Snow White Must Die (Bodenstein & Kirchhoff, #4)(82)
The reunion with J?rg, Felix, and the others had awakened vague memories in him, memories of long forgotten events that he had previously considered trivial. He had stolen Laura from Michael without feeling a hint of guilt toward his friend. Girls were nothing more than trophies that served his vanity. How often had he hurt someone’s feelings with his thoughtlessness? How much anger and worry had he caused? He hadn’t really understood until the moment when Stefanie broke up with him. He didn’t want to accept what she told him. He had even knelt down and begged her, but she only laughed at him. What had he done then? What had he done with Amelie? How did her cell phone wind up in his pants pocket?
Tobias sank back on the sofa, pressed his palms against his temples, and tried desperately to put together the scraps of memory into a logical context. But the harder he tried, the less successful he was. It was driving him crazy.
* * *
Although her waiting room was full, Dr. Daniela Lauterbach did not make Bodenstein and Kirchhoff wait long.
“How’s your head doing?” she asked with a smile.
“No problems.” Bodenstein touched the bandage on his forehead. “A little headache, that’s all.”
“If you like I could take another look at it.”
“That’s not necessary. We don’t want to take too much of your time.”
“All right, then. You know where to find me.”
Bodenstein nodded and smiled. Maybe he really ought to switch doctors. Daniela Lauterbach quickly signed three prescriptions that her nurses had placed on the reception counter, then led Bodenstein and Kirchhoff into her office. The parquet floor creaked underfoot. The doctor motioned them to the visitor’s chairs.

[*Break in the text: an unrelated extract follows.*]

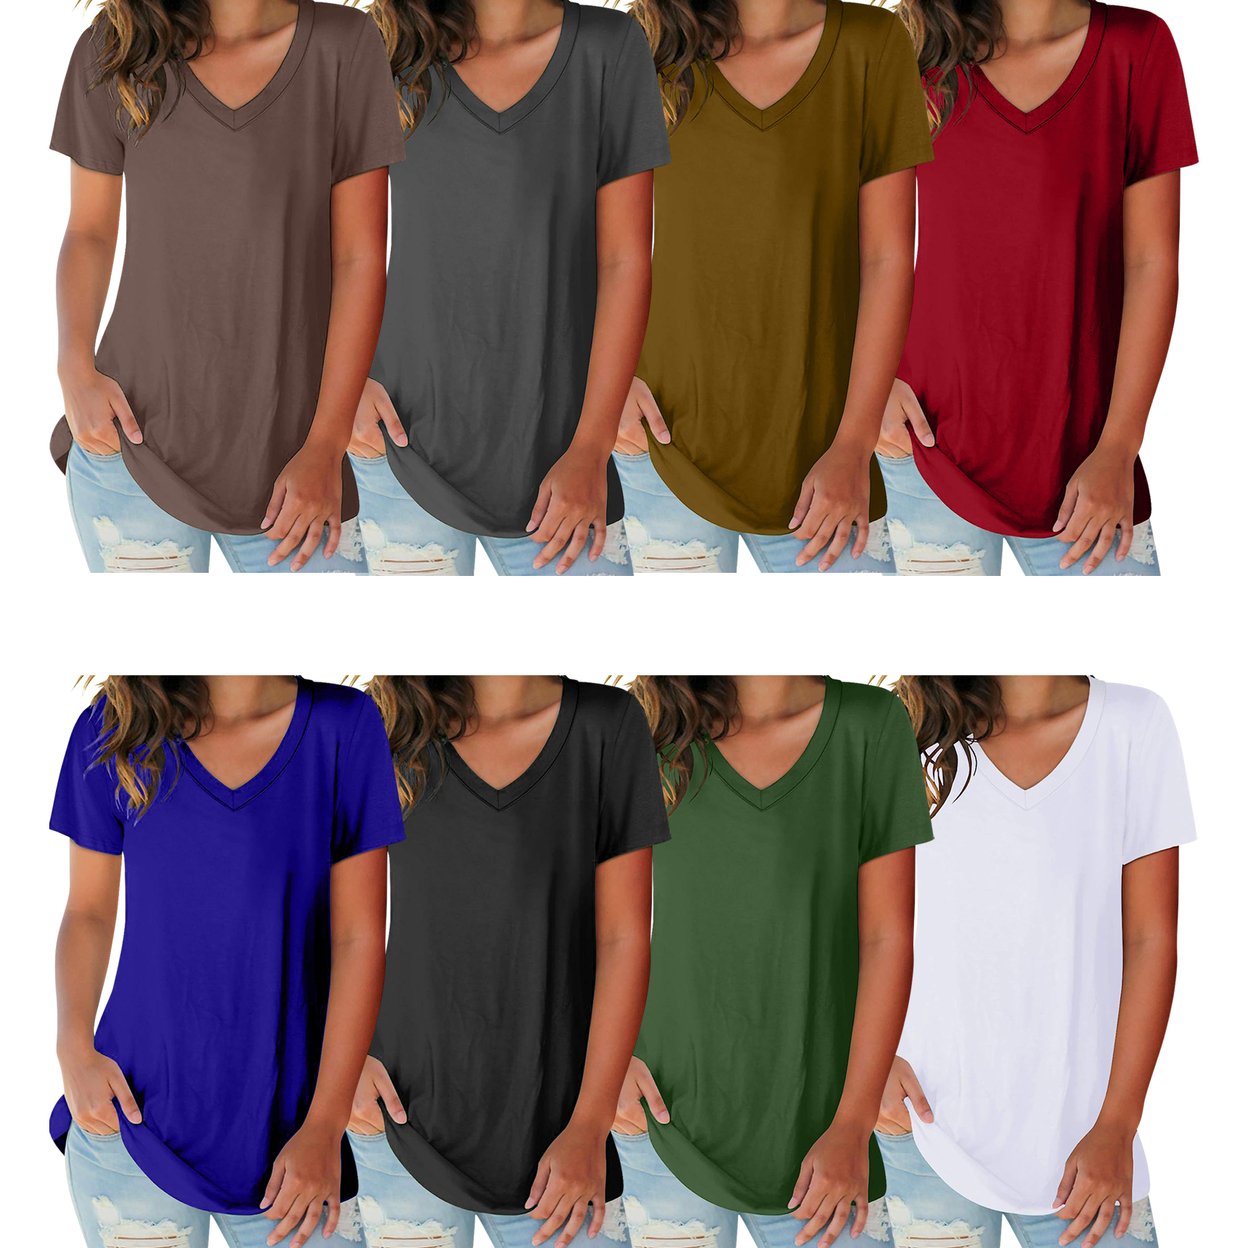 3-Pack: Women's Ultra Soft Smooth Cotton Blend Basic V-Neck Short Sleeve Shirts - Black, White, Brown, Xx-large

“It’s about Thies Terlinden.” Bodenstein sat down, but Kirchhoff remained standing.
Dr. Lauterbach took a seat behind her desk and looked at him attentively. “What would you like to know about him?”
“His mother told us he’d had an attack and was now in the psychiatric ward.”
“That’s correct,” said the doctor. “I can’t tell you much more about it. Confidentiality, you understand. Thies is my patient.”
“We’ve been told that Thies had been stalking Amelie,” said Pia.
“He wasn’t stalking her, he just kept her company,” the doctor corrected. “Thies likes Amelie a lot, and that’s his way of showing affection. Incidentally, from the start Amelie accepted the way he is. She’s a very sensitive girl, in spite of her rather unusual appearance. That’s fortunate for Thies.”
“Thies’s father has bloody scratches on his hands after an argument with Thies,” said Pia. “Does Thies have a tendency toward violence?”
Dr. Lauterbach gave a somewhat worried smile. “Now we’re approaching the area I can’t discuss with you,” she replied. “But I presume that you suspect Thies of hurting Amelie. I consider that out of the question. Thies is autistic and behaves differently from a ‘normal’ person. He is not capable of showing his feelings or even expressing them. Now and then he has these … outbreaks, but very, very seldom. His parents are tremendously concerned about him, and he does well on the medications, which he’s been taking for years.”
“Would you say that Thies is mentally handicapped?”
“Absolutely not!” Dr. Lauterbach shook her head vehemently. “Thies is highly intelligent and has an extraordinary gift for painting.”
She pointed to the large-format abstract paintings that resembled those hanging on the walls in Terlinden’s house and office.
“Thies painted those?” Pia looked at the pictures in astonishment. At first sight she hadn’t discerned what they depicted, but now she could see it. She shuddered as she recognized human faces, distorted, desperate, the eyes of torment, fear, and terror. The intensity of these paintings was oppressive. How could anyone tolerate looking at these faces every day?
“Last summer my husband organized a show for him in Wiesbaden. It was a sensational success, and all forty-three paintings were sold.”
She sounded proud. Dr. Lauterbach liked her neighbor’s son, yet seemed to have enough professional distance to assess him and his behavior objectively.
“Claudius Terlinden supported the Sartorius family generously in the years following Tobias’s conviction,” Bodenstein now took over the conversation. “He hired a lawyer for Tobias, a very good one. Do you think it’s possible that he did this because he had a guilty conscience?”
“Why would he?” Dr. Lauterbach was no longer smiling.
“Perhaps because he knew that Thies had something to do with the disappearance of the girls.”
For a moment it was completely quiet, except for the incessant ringing of a telephone muted by the closed door.
The doctor frowned. “I’ve never looked at it that way,” she conceded pensively. “The fact is that back then Thies was utterly infatuated with Stefanie Schneeberger. He spent a lot of time with that girl, the way he does with Amelie today…”
She broke off when she realized where Bodenstein was going with this. She gave him a concerned look. “Good God!” she said. “No, no, I can’t believe that!”
“We really have to speak with Thies quite urgently,” Pia said emphatically. “It could lead us to Amelie.”